Friday, September 30, 2011


My giant forehead looks like a drive-in screen in this pic.

My boy, Genghis B, is ready to roam the Steppes.

Thursday, September 29, 2011

home!

Back soon. Went home. Party ensues.


Also, passed the 40lb mark on my diet. Pretty damn excited.

Saturday, September 24, 2011

idiots, being idiotic. In print.

So you've probably seen the news about CERN finding neutrinos that appeared to be moving faster than the speed of light, right? Time travel, Einstein is a big old dead wrong poopyhead?

Yeah, I've seen that shit too.

http://news.yahoo.com/faster-light-discovery-raises-prospect-time-travel-204403395.html

The members of the media who actually finished high school are waxing poetic about E=MC^2.

No one has actually read the paper, of course, in which the authors suspect a math or data contamination error, but can't find it. Yet. Being a diligent bunch, they're looking for folks to repeat the experiment and see what the hell is happening.

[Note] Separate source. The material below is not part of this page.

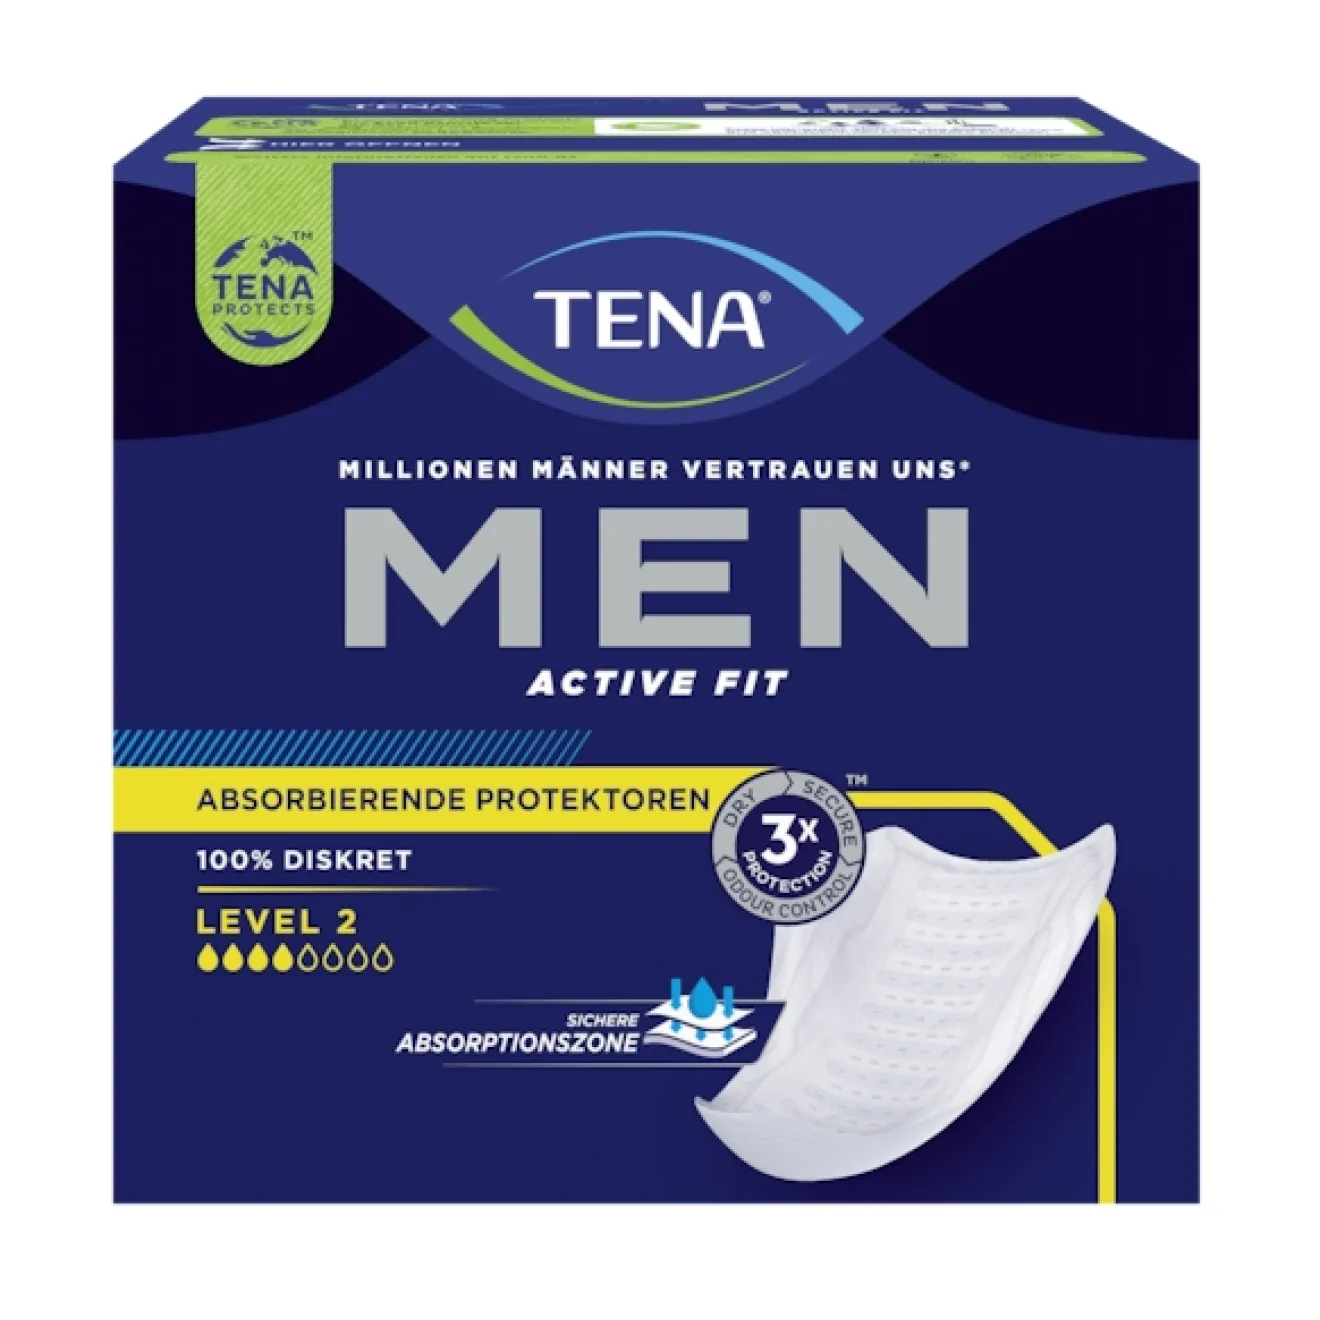 TENA MEN Active Fit Level 2 Inkontinenz Einlagen 6x20 ST
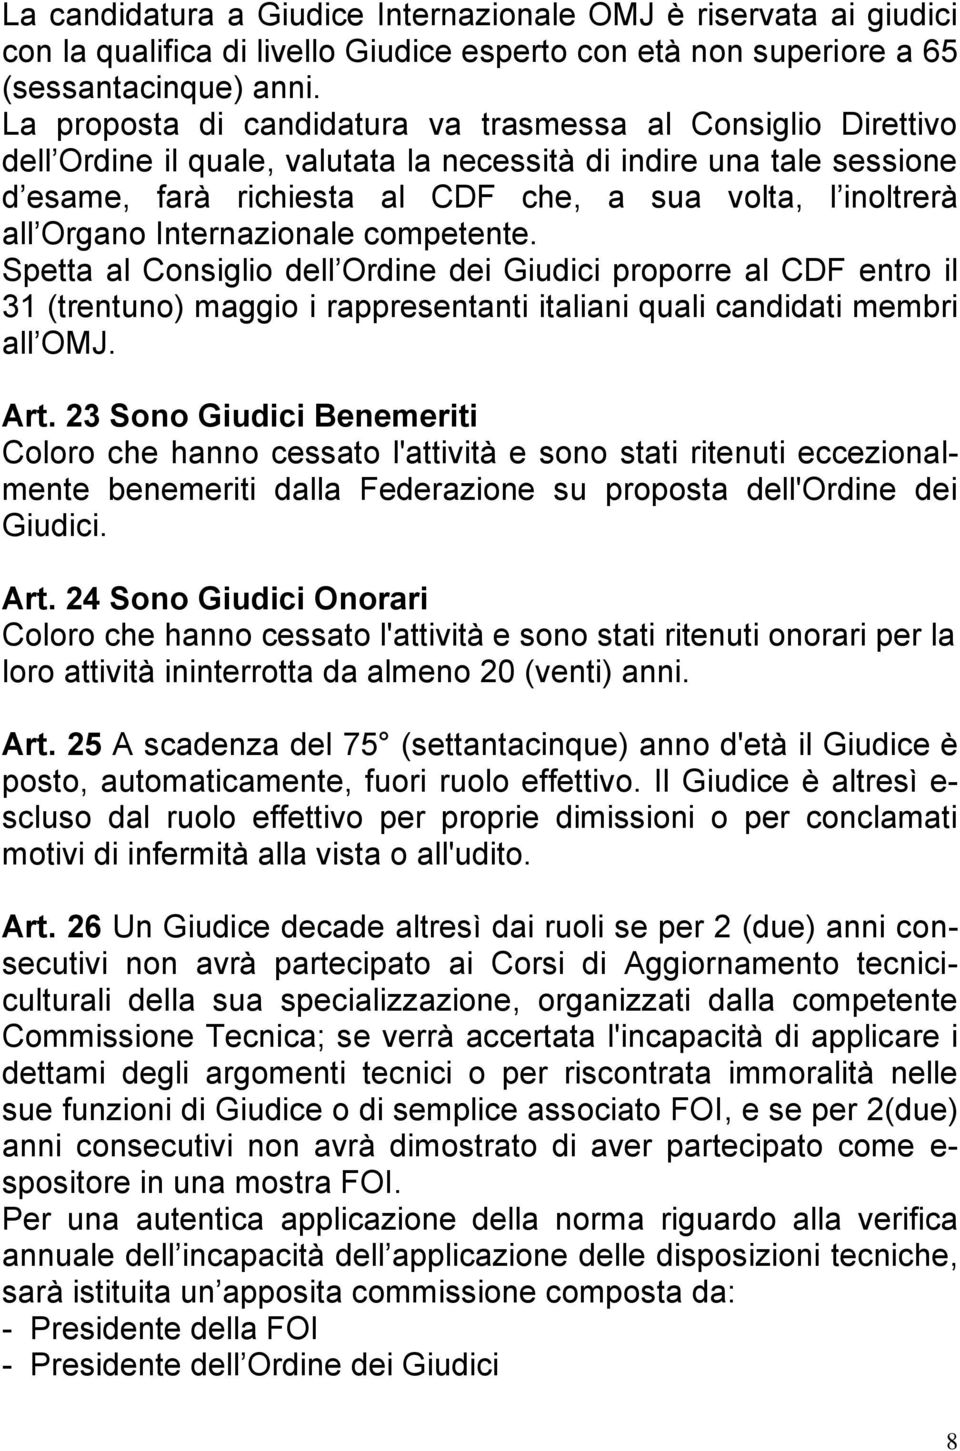 Organo Internazionale competente. Spetta al Consiglio dell Ordine dei Giudici proporre al CDF entro il 31 (trentuno) maggio i rappresentanti italiani quali candidati membri all OMJ. Art.

In the meanwhile, the media and poor saps united across the western world are booking flights to their nearest time machine.

Now, I'm not a physicist, but I had to suffer through Physics classes in college. And the psychotic, indecipherable Eastern Europeans who taught it, too.
I'm going to try to be topical, yet explain why I think this is probably another climb up Mt. Molehill.

For an object with mass, the faster it travels, the more energy is required for it to accelerate. Think of your car, and why a 60hp Dodge Neon can do 100mph, but a 120hp Toyota can't go 200mph. You need in the vicinity of 400-500 hp to get there. An 5-fold increase in power to double the speed. As you approach the speed of light, the force necessary to accelerate increases to numbers ever approaching infinity. So that's out.

I'm excluding relativity here, but I can't for long. Massless objects like Neutrinos and photons have it easier, in theory, except for the gamma value that doesn't get addressed in the simplified E=MC^2 equation. As objects move faster, they appear to move more slowly through time. This is relativity, and this is the gamma value. At speeds approaching the speed of light, time changes start to become measurable and noticeable. Gamma starts to approach a value of 1. This is why the speed of light is the speed of light. This is the speed at which the particles no longer experience time.

So the obvious question is how can something that isn't experiencing time be moving through time? If gamma can't exceed 1, but particles are moving faster than that, what is more likely, Einstein is wrong, or there's a bug in the experiment?

Never, ever go up against Einstein.

shame on me...








Well, September is almost over, and I almost forgot to post this month's beautiful Brazilian women. Shame on me. Anyhow, in the name of science, International Relations, and good genetics, I give you this month's proof that God loves us and wants us to go to Brazil again. Or me, at least. God wants me to go to Brazil again.

Wednesday, September 21, 2011

Time flies




Tomorrow marks the first anniversary of my dad's death. It's amazing how quickly the time passes.
I grew up in the shadow of my older brothers and my sister- not a black sheep by any means, but quieter, nerdier and absolutely more awkward. I followed in my father's footsteps, after a fashion, though I went wide of the path by ending up becoming a marine biologist, after listening to his stories of living and working on oceanographic ships, and later, to follow his example more closely and become a merchant mariner.

I never had to experience months, or even years of absence while my dad was at sea;my father swallowed the anchor just before I was born, though it pained him to do so and he never quite recovered from coming ashore. He was of the last generation of true globe-trotting mariners, the men who signed foreign articles bonding them to a ship for 1-2 years at a time... yet he was sympathetic when I sometimes bailed out after 100 days.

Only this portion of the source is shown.